# does anyone rip the weedguard off johnson silver minnows?



## JamesT (Jul 22, 2005)

Just curious. It doesn't seem very useful (especially in the rivers I fish where it is totally useless)and the spring strength is pretty strong (esp on the 1/8 oz and 1/4 once sizes) to the point where I think you could lose significant fish because of it. This is a lure I want to love but have ZERO confidence it. I love spoons, love the design (other than the weedguard), and think I would gain a small amount of confidence in if I ripped the weedguards off. I don't think I have EVER caught a fish on this lure, even the tiny 1/24 oz size?!?!?


----------



## JamesT (Jul 22, 2005)

oops I meant to post this in tackle making and can't seem to delete and repost. Can a mod move it?


----------



## JamesT (Jul 22, 2005)

oops, I meant to say I meant to post it in tackle talk.


----------



## "Big" mark the shark (Jan 21, 2010)

lol But I do I have done that to every one I have lot better hook up's


----------



## FISNFOOL (May 12, 2009)

I took them off all of mine. With a pork trailer they ride hook up through the weeds anyway.

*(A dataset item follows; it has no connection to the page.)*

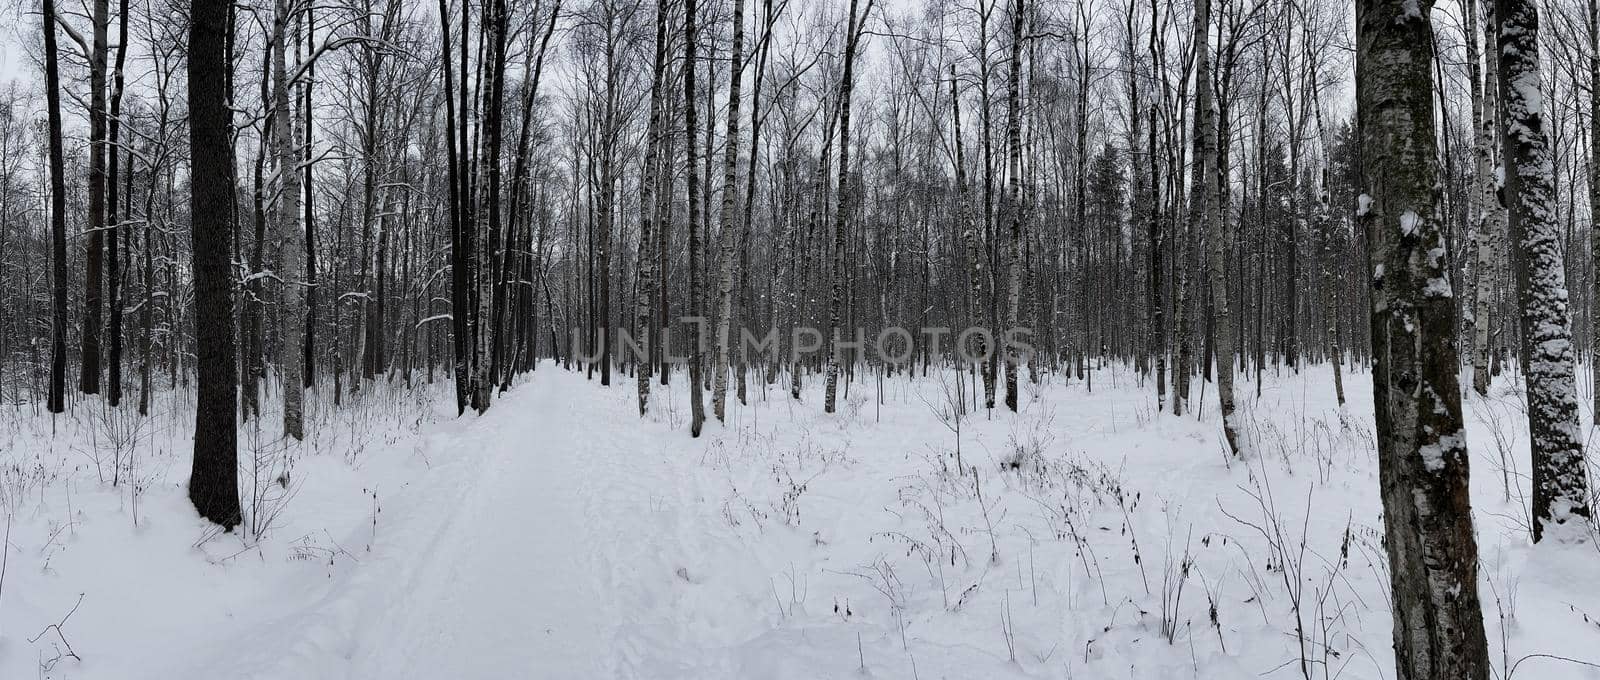 Panoramic image of snow-covered empty forest, black and white birch trunks and other trees, no one in the park, peace and tranquility. High quality photo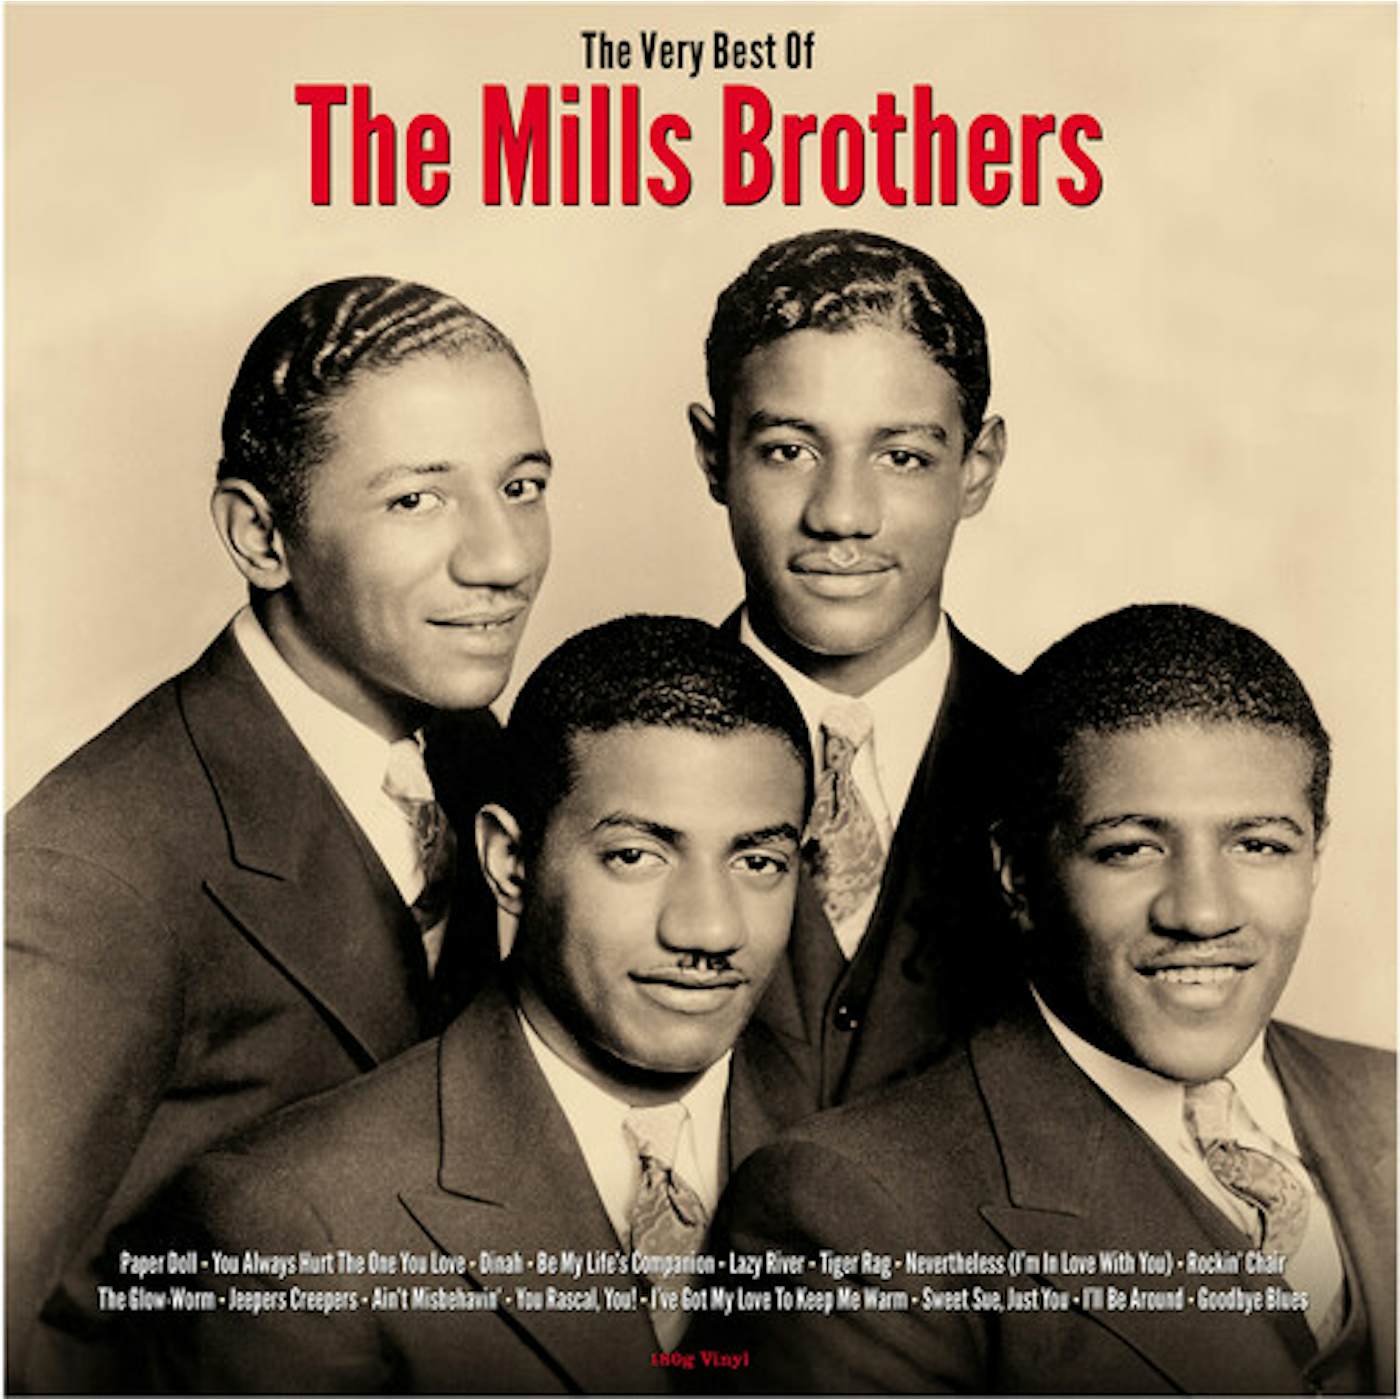 VERY BEST OF THE MILLS BROTHERS Vinyl Record

Put a trailer on. Any style of the pork seems to work. My favorite are the frog type in a dark color, or the white bass twister tail type pork strip.


----------



## dacrawdaddy (Aug 31, 2008)

I suppose you could remove the weedguards but I never did. I always bend the weedguard where it is just above the hook point. The Silver Minnow with a white grub trailer is a great bait for Ohio River weedbeds.


----------



## JSykes3 (Oct 14, 2010)

Im not sure but I think I remember the silver minnows weedguard actually being the eyelet where you tie your line as well. Make sure not to cut it too much. Might not just lose fish but the lure as well.


----------